Manobra ou Ineficiência? Prefeitura Adia Explicações Sobre o FUMTUR
O relógio corre contra a transparência em Paraguaçu Paulista. A Prefeitura Municipal formalizou um pedido de prorrogação de prazo para responder aos questionamentos do munícipe Vagner Matias sobre o Fundo Municipal de Turismo (FUMTUR). O requerimento original, que vencia nesta segunda-feira (25 de maio de 2026), ganhou uma sobrevida de mais dez dias por meio de um ofício assinado pelo Secretário de Turismo, Rubens Aleixo. Agora, a resposta final foi empurrada para o dia 4 de junho, acendendo um sinal de alerta na comunidade.

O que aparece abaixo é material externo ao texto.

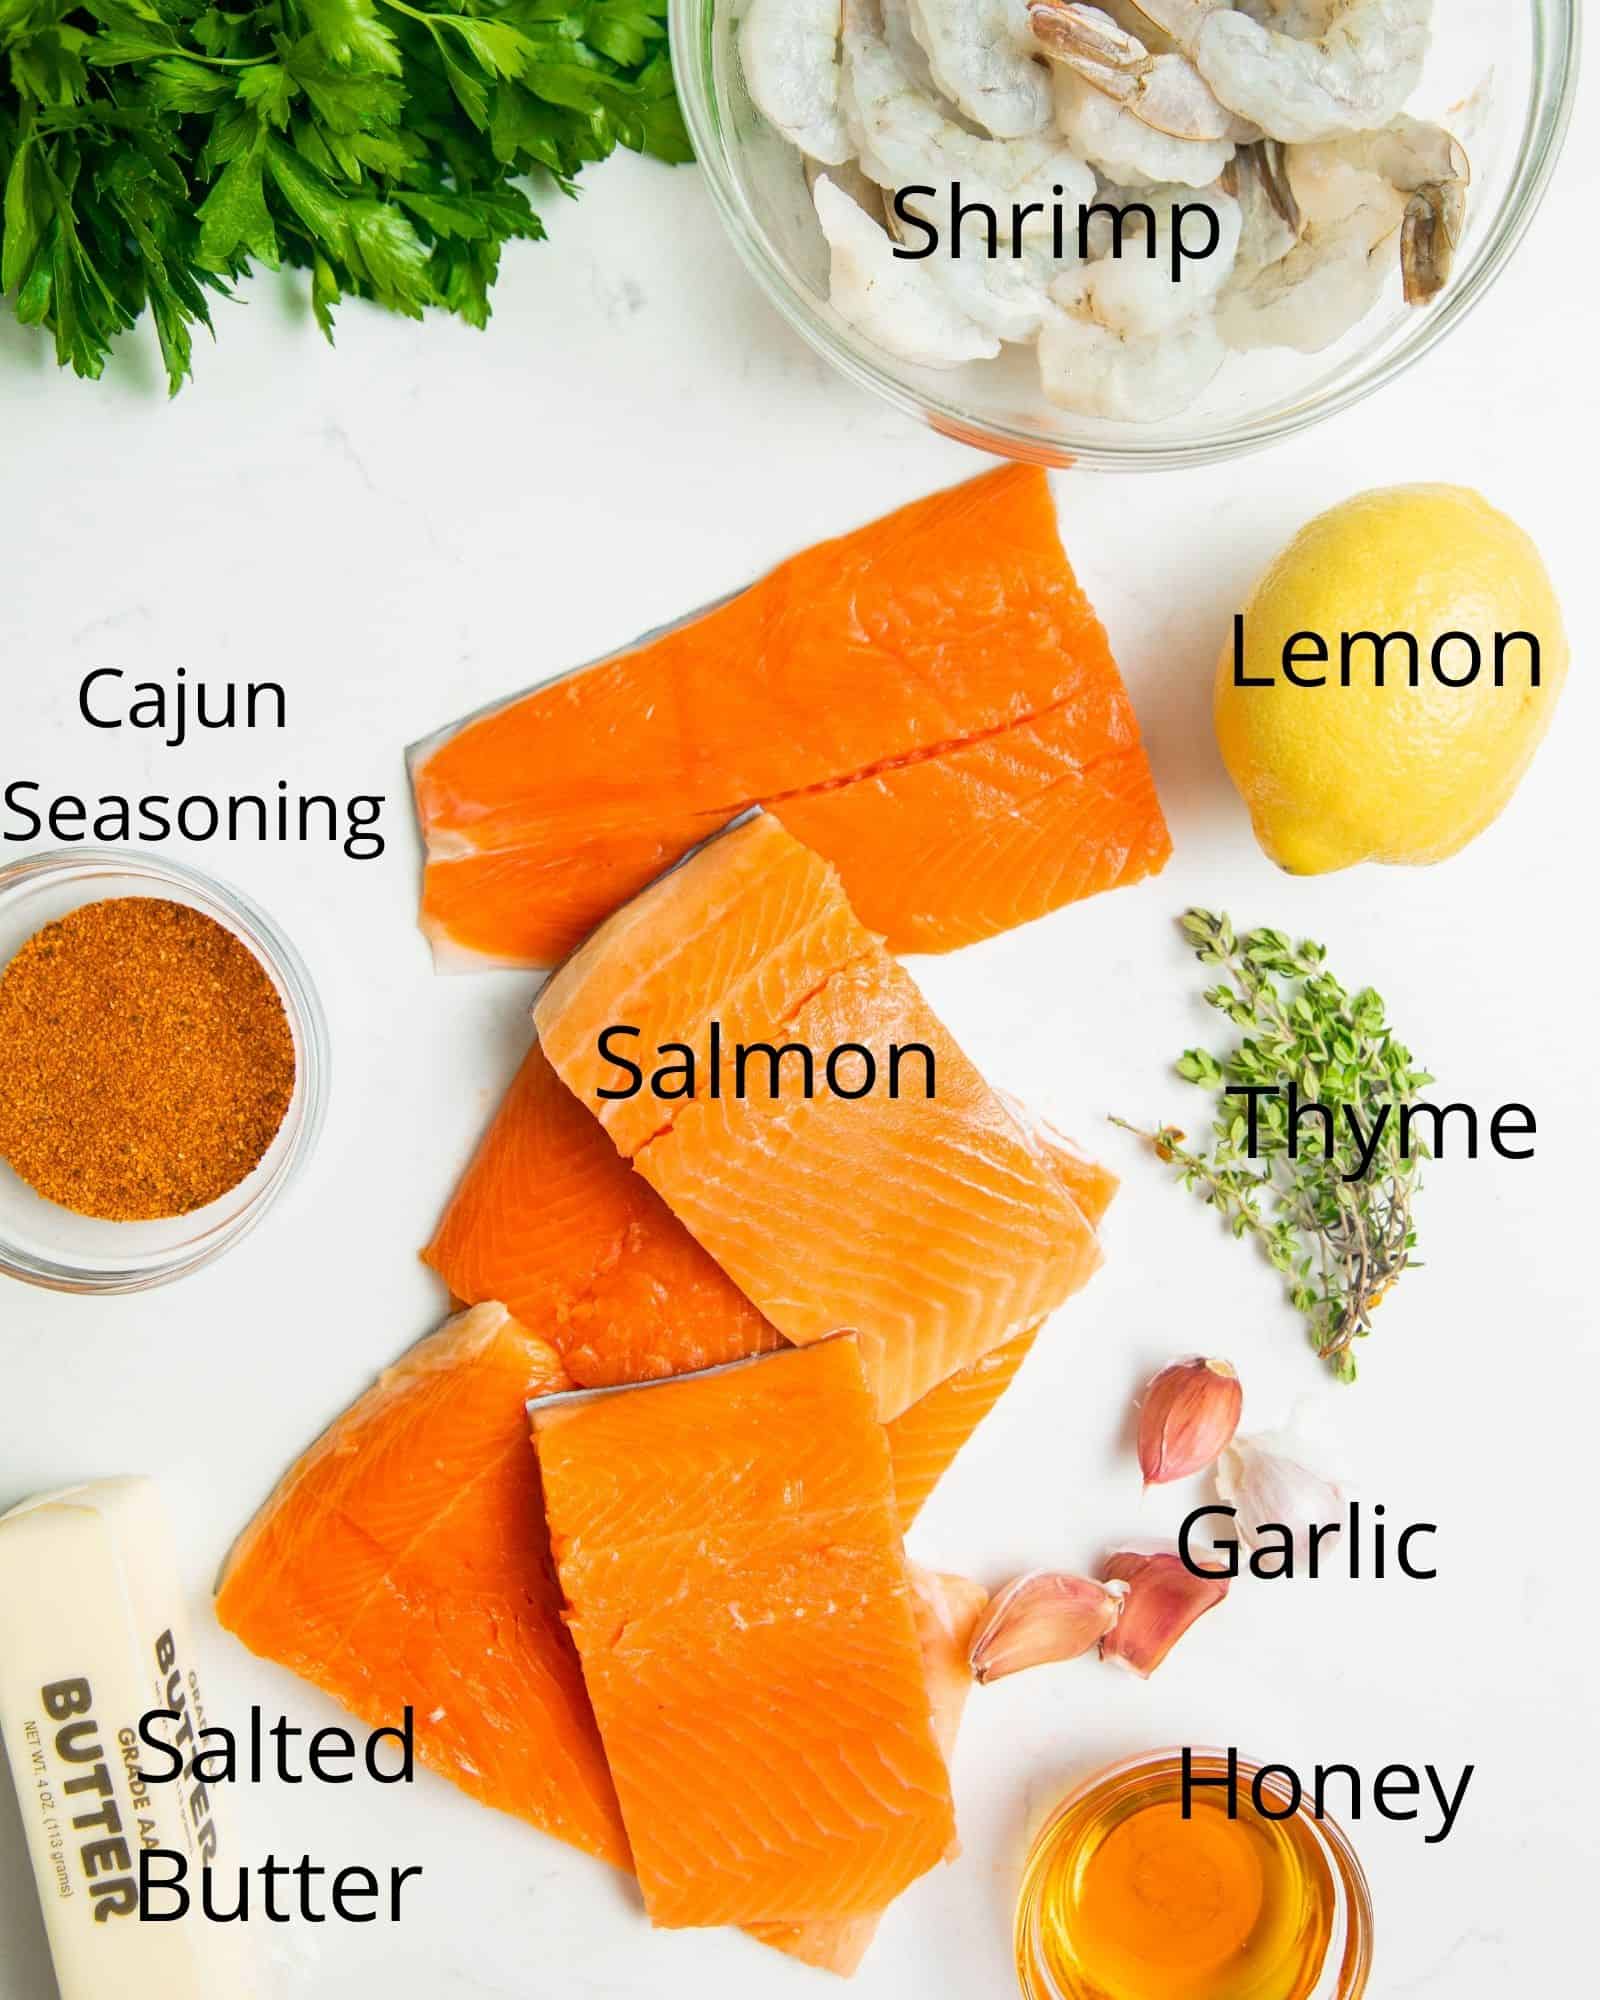 the ingredients needed to make salmon new orleans on a white surface - salmon filets, lemon, shrimp, cajun seasoning, honey, garlic, thyme, and butter

A justificativa apresentada pela administração municipal repousa na suposta necessidade de uma “complexa análise técnica e administrativa” que envolve as pastas de Contabilidade e Finanças para realizar a conferência de empenhos, registros e movimentações financeiras. Embora o adiamento encontre amparo legal na Lei de Acesso à Informação, a manobra levanta dúvidas inevitáveis sobre a organização interna e a real prontidão dos sistemas de controle da gestão pública local.
A Falácia da Complexidade na Era Digital
Diante desse cenário, a Folha de Paraguaçu propõe um questionamento direto e incontornável: por que uma administração que se autodenomina moderna e digitalizada necessita de prazos adicionais para localizar e apresentar dados que deveriam estar na ponta dos dedos? Tratando-se de empenhos e registros financeiros, essas informações deveriam alimentar o Portal da Transparência continuamente e em tempo real.
A necessidade de paralisar um processo de fiscalização cidadã para realizar uma “conferência documental” interna expõe uma lacuna incômoda na eficiência do serviço público. Se os dados básicos sobre o destino do dinheiro público não estão prontamente acessíveis nem mesmo para os próprios gestores, como esperar que o cidadão comum exerça seu direito constitucional de fiscalização?
O Turismo Não Pode Esperar até 4 de Junho
Paraguaçu Paulista atravessa uma crise severa em sua infraestrutura turística, marcada por rescisões contratuais em série e obras completamente abandonadas no Parque Aquático, Centro de Convergência Turístico e Museu Ferroviário. O turismo é o motor econômico de nossa cidade , e cada dia de silêncio ou de adiamento burocrático custa caro para o comércio e a hotelaria local.
A prorrogação do prazo não deve servir de cortina de fumaça para o esvaziamento das cobranças. A sociedade paraguaçuense não aceitará respostas evasivas ou relatórios genéricos no dia 4 de junho. Exige-se clareza total sobre cada centavo do FUMTUR. O silêncio administrativo temporário apenas amplia a urgência por uma prestação de contas rigorosa, transparente e imediata.